Al di là della correttezza grammaticale, in libri e documenti che lo riguardano viene sempre chiamato Gio Ponti, senza accenti.


----------



## A User

Azarosa said:


> Che io sappia, _Giò_ o _Gio_ sono diminutivi di Giorgio, Giovanni, Giuseppe o Sergio.


La dottoressa Giò - Wikipedia

Meglio con l'accento, perché in caso di dubbio l'orientamento è di considerare piana una parola.
Perciò, senza accento, si è autorizzati a leggerla Gìo.


----------



## Pietruzzo

Mary49 said:


> Ho un dubbio. Mi risulta che l'accento va usato solo se il nome è polisillabico, mentre se ha una sola sillaba va senza accento, o sbaglio?
> Apocope nomi propri di persona
> Troncamento nomi propri


Mi risulta che i monosillabi che terminano con due vocali richiedano l'accento, con la sola eccezione di qui, Quo, qua...e Gio, a questo punto.


----------



## danieleferrari

Azarosa said:


> Che io sappia, _Giò_ o _Gio_ sono diminutivi di Giorgio, Giovanni, Giuseppe o Sergio.


Anche Sergio?


----------



## francisgranada

Secondo me, in italiano l'accento si scrive (obbligatoriamente) sostanzialmente in due casi:

1. Nelle parole polisillabe che terminano in vocale tonica (_già, città, gioventù, parlerà _ ...)
(_già_, _giù _e simili non si considerano polisillabi, ma senza l'accento praticamente lo sarebbero perché in teoria si potrebbero  pronunciare _g*ì*a_, _g*ì*u_)

2. Nelle parole monosillabe omofone per distinguere quelle atone da quelle toniche (_da/dà_, _si/sì_, _ne/né_ ...)



danieleferrari said:


> Anche Sergio?


Se si pronuncia "_Gi*ò*"  e_ non  "_G*ì*o_", allora direi che si dovrebbe scrivere coll'accento sulla "o", indipendentemente dall'origine della parola ...


----------



## Starless74

danieleferrari said:


> Anche Sergio?


Che io sappia, no. Ma non metto limiti all'altrui fantasia.


----------



## danieleferrari

Sono d'accordo, ma non posso che imparare da voi 🤗.


----------



## Fulvia.ser

francisgranada said:


> Se si pronuncia "_Gi*ò*" e_ non "_G*ì*o_", allora direi che si dovrebbe scrivere coll'accento sulla "o", indipendentemente dall'origine della parola ...


Se si parlasse di regole grammaticali per parole di uso comune sarei d'accordo; ma in questo caso si parla di un diminutivo/vezzeggiativo/soprannome, probabilmente di derivazione familiare, di un personaggio piuttosto famoso (almeno nell'ambito dell'architettura) che anche si firmava così.
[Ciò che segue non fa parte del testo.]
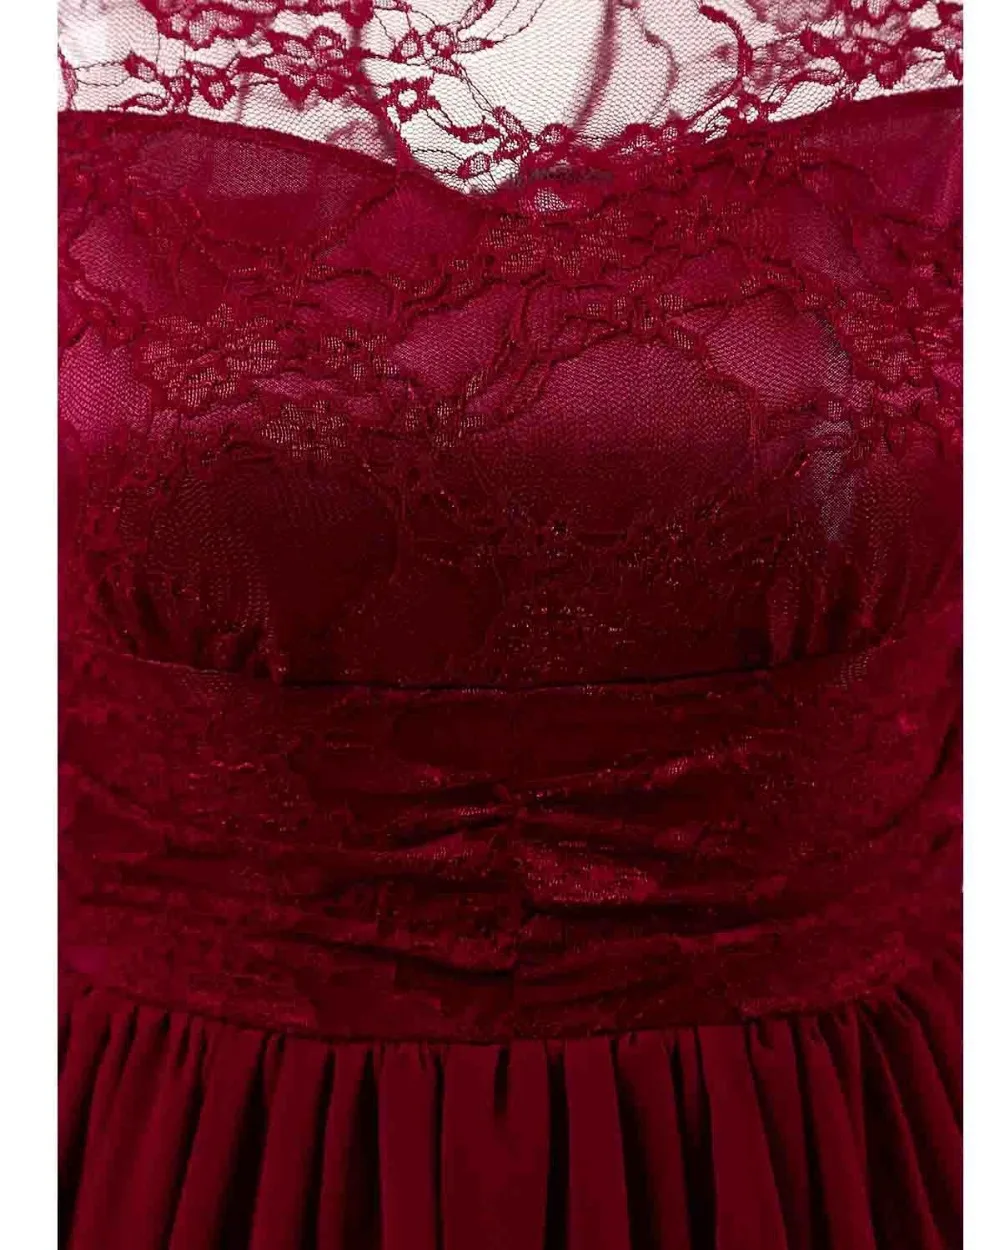 CD1581 # бордовый Кружева шифон Короткие платья невесты Свадебная вечеринка платье для выпускного сестра невесты тост оптовая продажа

Ritengo sia una "licenza poetica" accettabile.
Per chiunque altro forse sarebbe obbligatorio l'accento, ma in questo caso...
Tra l'altro esiste anche un sito: vedi qui, senza accento.


----------



## alfaalfa

Anche Gio Evan si firma senza accento. Dopo i vari Merj, Braian o Mishell importati malamente, una "o" non accentata in un nomignolo forse è passabile.


----------



## Azarosa

danieleferrari said:


> Anche Sergio?


Discolpate! Il diminutivo di Sergio è Sergino; mea culpa, mea culpa, mea grandissima culpa !!!!☹️☹️


----------



## Fulvia.ser

Azarosa said:


> Discolpate! Il diminutivo di Sergio è Sergino; mea culpa, mea culpa, mea grandissima culpa !!!!☹️☹️


Niente vieta di chiamare "Gio" anche un Sergio


----------



## danieleferrari

Sì, infatti ho chiesto. Interessante, grazie.


----------



## Starless74

Fulvia.ser said:


> Niente vieta di chiamare "Gio" anche un Sergio


Se è per questo, nulla vieta neppure di chiamare "Mina" o "Mimì" una Domenica (entrambi esempi illustri, peraltro) o "Peppe" un Giuseppe.
Mi pare si parlasse di diminutivi apocopati, non aferetici.


----------



## elitaliano

Di contro abbiamo Giò Pomodoro .


----------